CLEVELAND — For everyone discouraged by the thinning list of products made in America- let alone made in America by a union member- prepare to mark your calendars.

The AFL-CIO announced Wednesday it will bring its annual Union-Industries Show to Cleveland in May 2006.

The annual trade show features union-made products and services, from Harley-Davidsons and clothing to baked goods and stonemasonry.

“Pretty much everything a union member makes or does will be at the I-X Center,” said Matt Bates, secretary-treasurer of the union’s Label & Service Trades Department.

Bates anticipates more than 300 exhibitors and 275,000 visitors to fill the International Exposition Center over four days-May 5-8.

Presentations at the free show will range from small booths showcasing local companies to huge displays by auto makers and others, he said.
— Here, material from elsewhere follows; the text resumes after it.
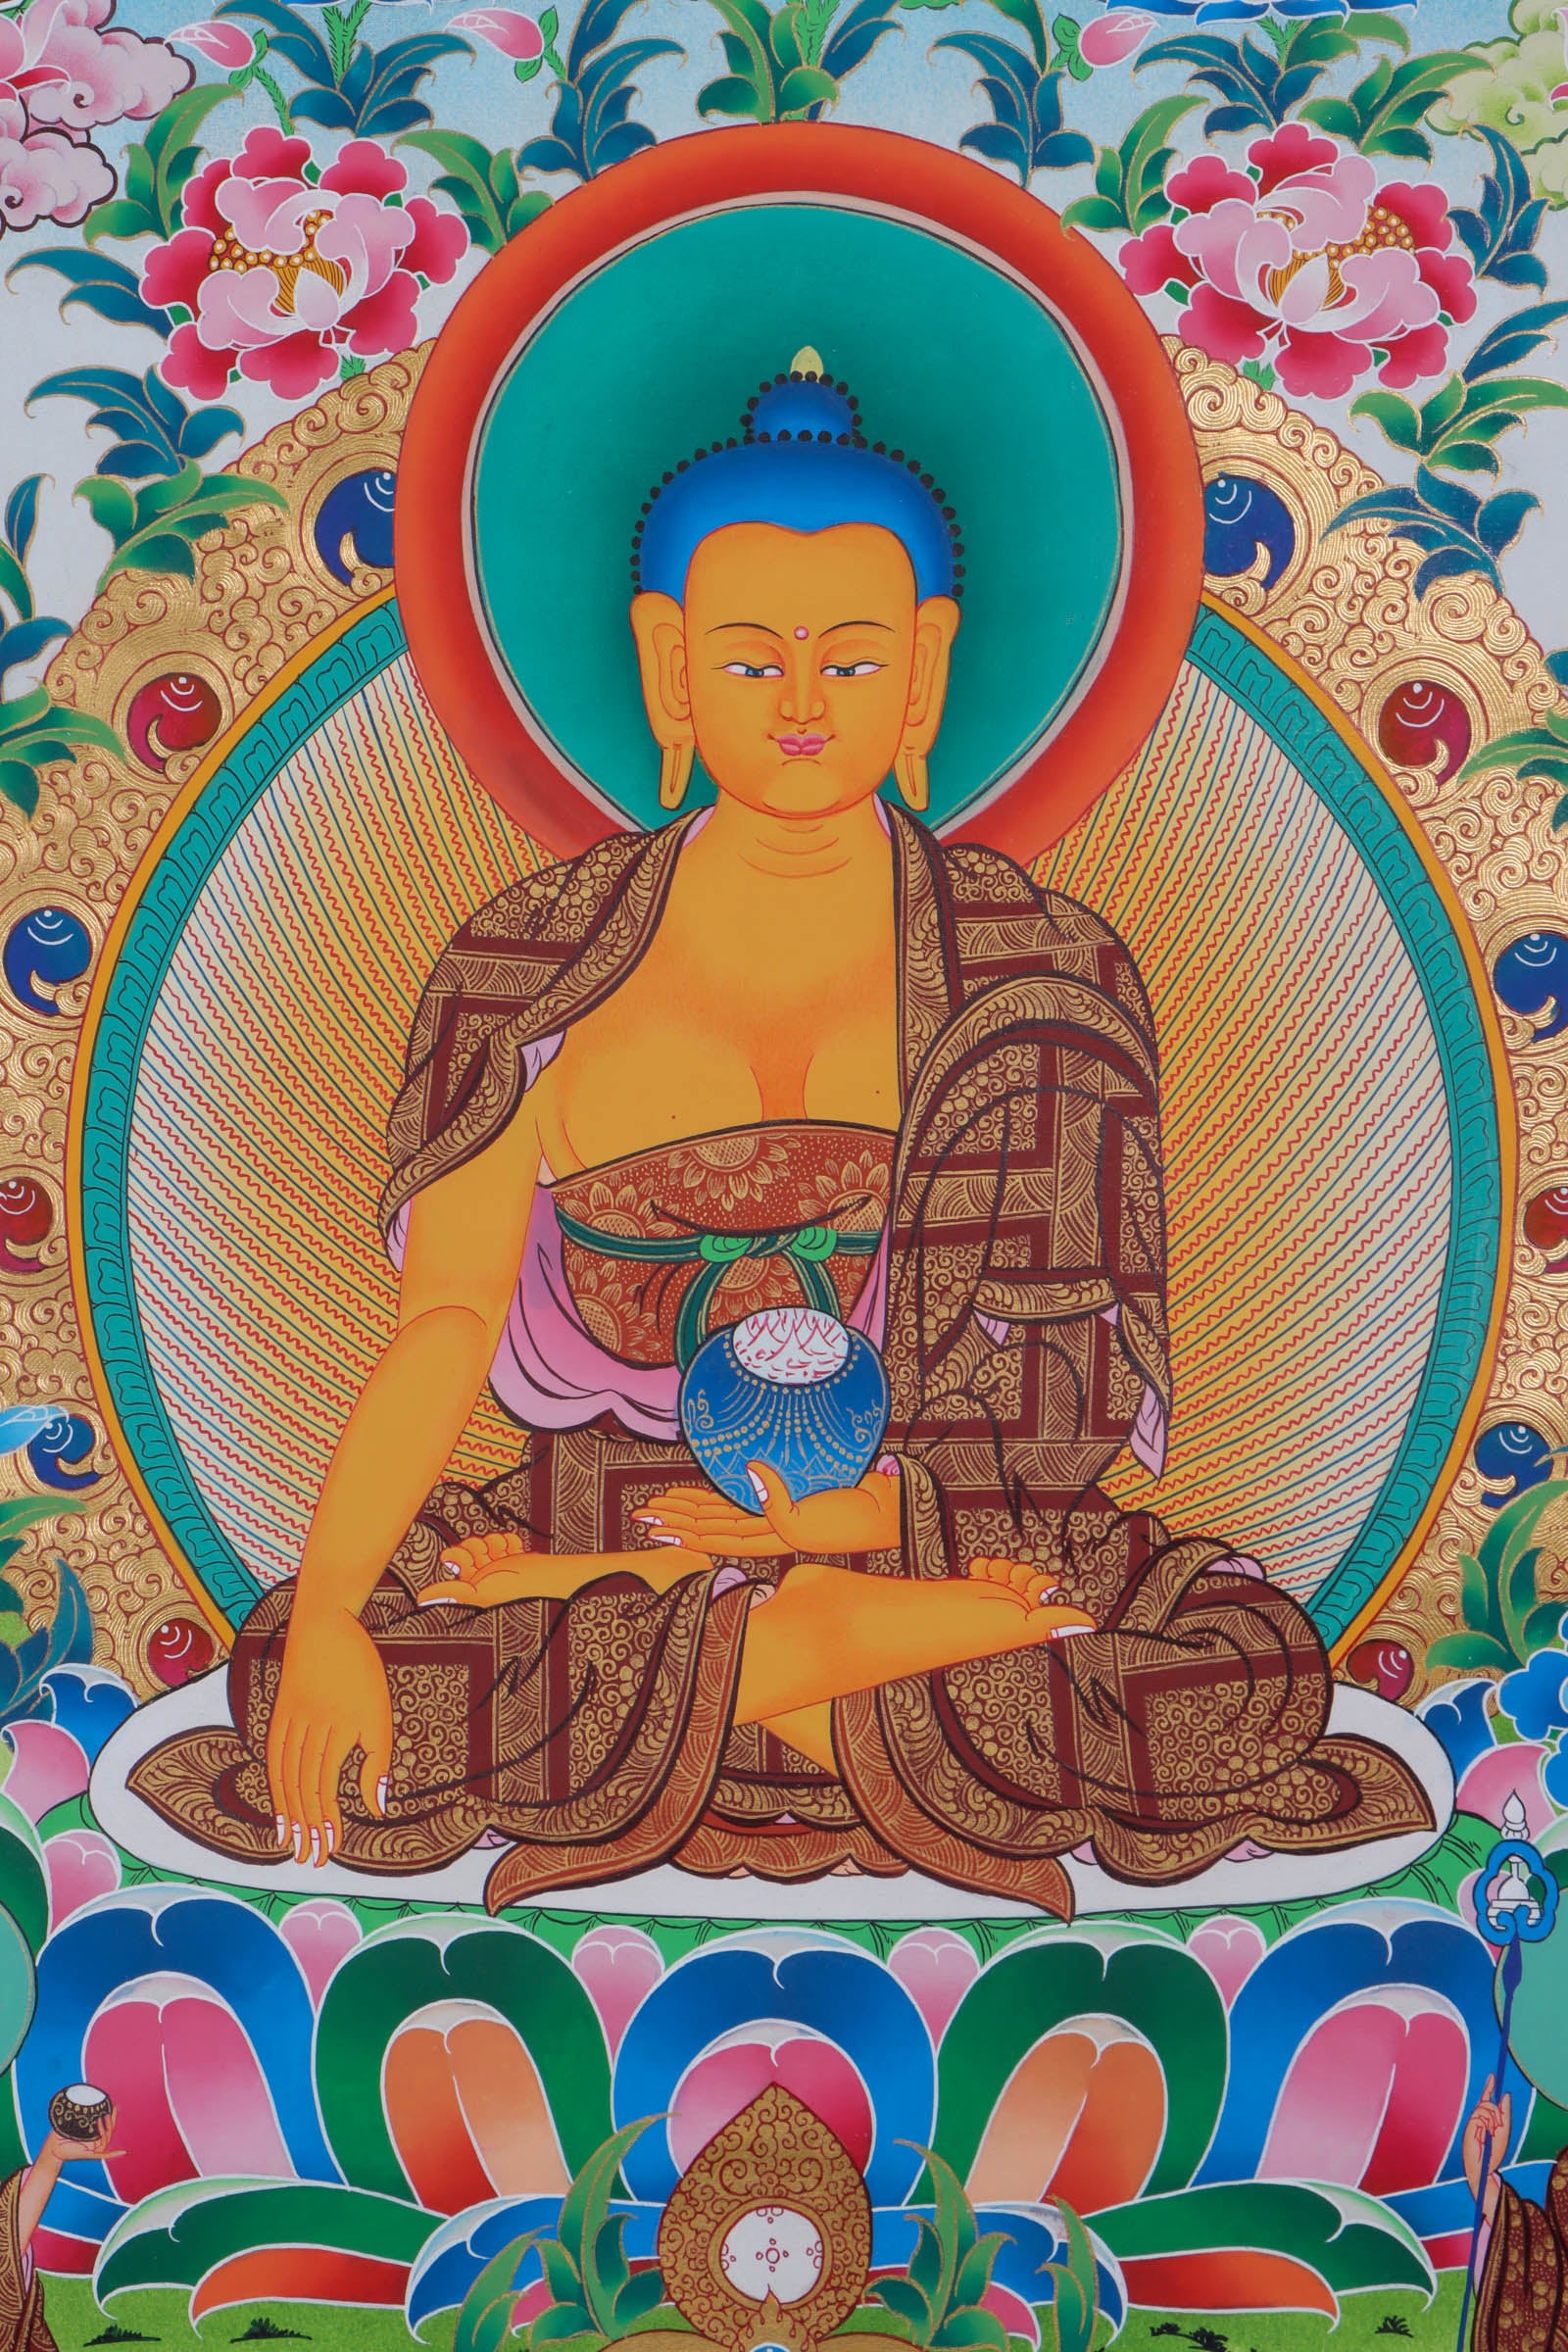 Shakymuni Buddha Thangka Art - Sha Buddha with 5 Dhyani Buddha's - Lucky Thanka
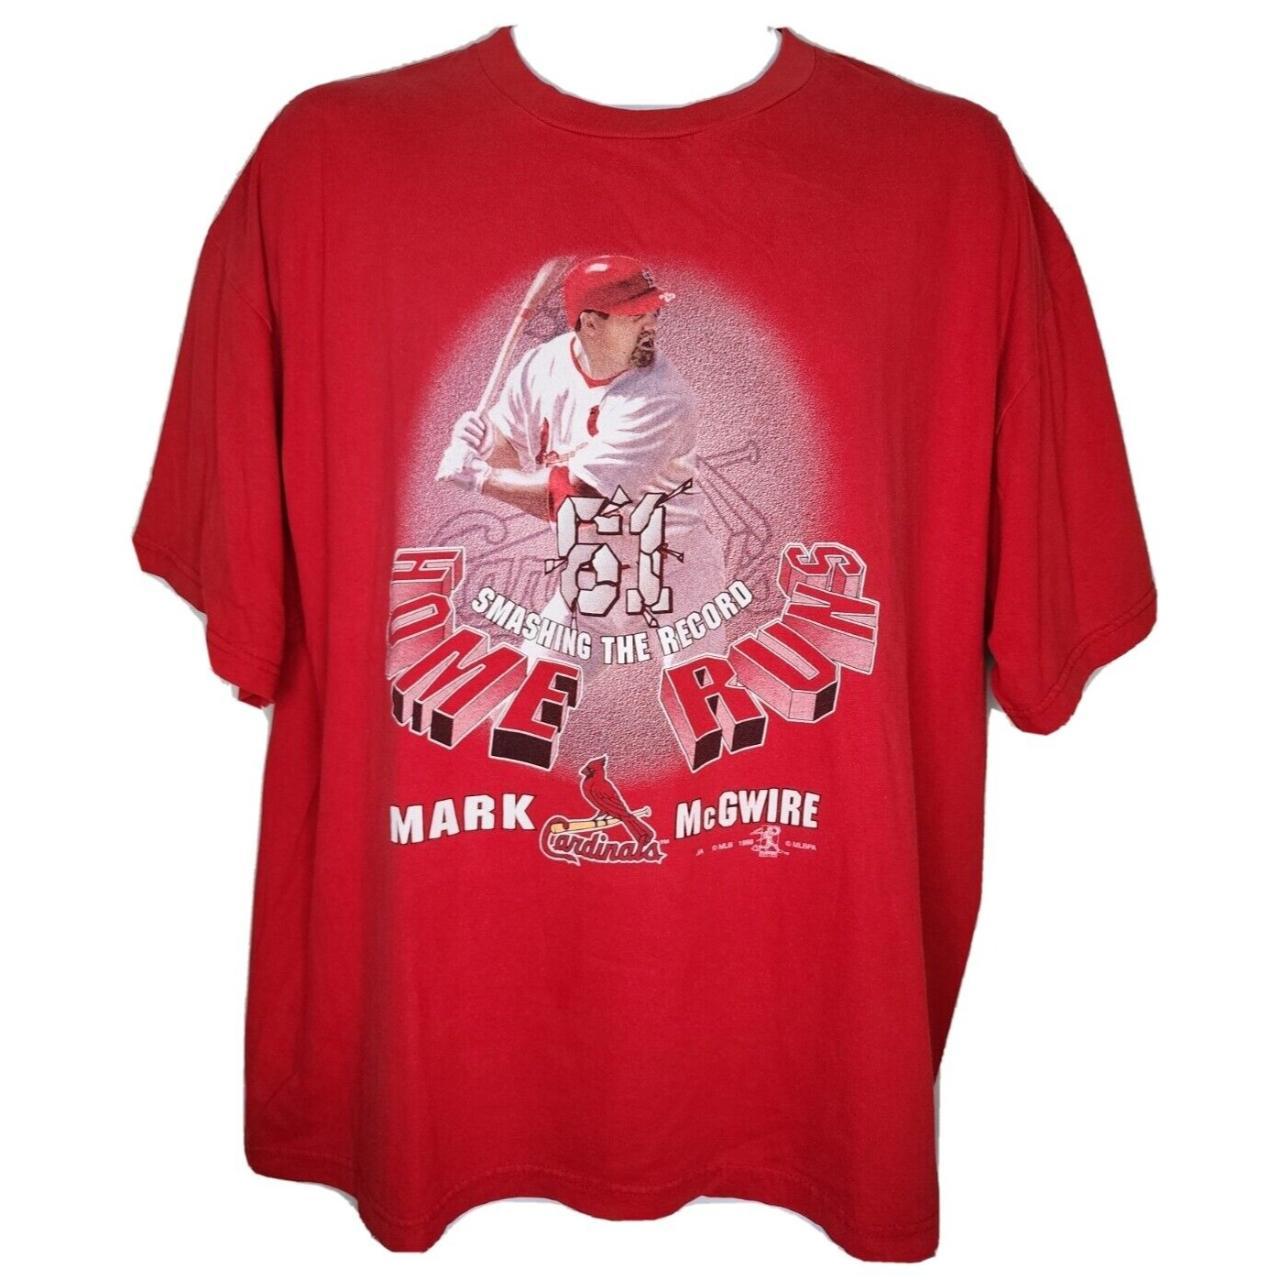 Vintage 90s St. Louis Cardinals MLB mark McGwire player T shirt mens XL

The AFL-CIO considers Cleveland a union-friendly city, said John Ryan, executive secretary of the Cleveland AFL-CIO Federation of Labor, which has worked for years to bring the event here. The show has visited Cleveland only once, in 1949.

“This show is about showing the pride of doing work in this country in this city,” Ryan said.

The Union-Industries Show began in Cincinnati in 1938, a time when ‘Made in the U.S.A.’ labels dominated shelves and racks and nearly a third of U.S. employees, excluding farmers, belonged to a union.

About 13 percent of American employees belong to a union, according to the U.S. Bureau of Labor Statistics.

And the business climate has changed from spring to winter, with overseas outsourcing of jobs, the loss of well-paid manufacturing jobs, and cheap foreign labor dominating headlines.

Pittsburgh hosted the show in 2003. St. Louis has it this year and Portland, Ore. in 2005.

Plain Dealer reporter Alison Grant contributed to this story.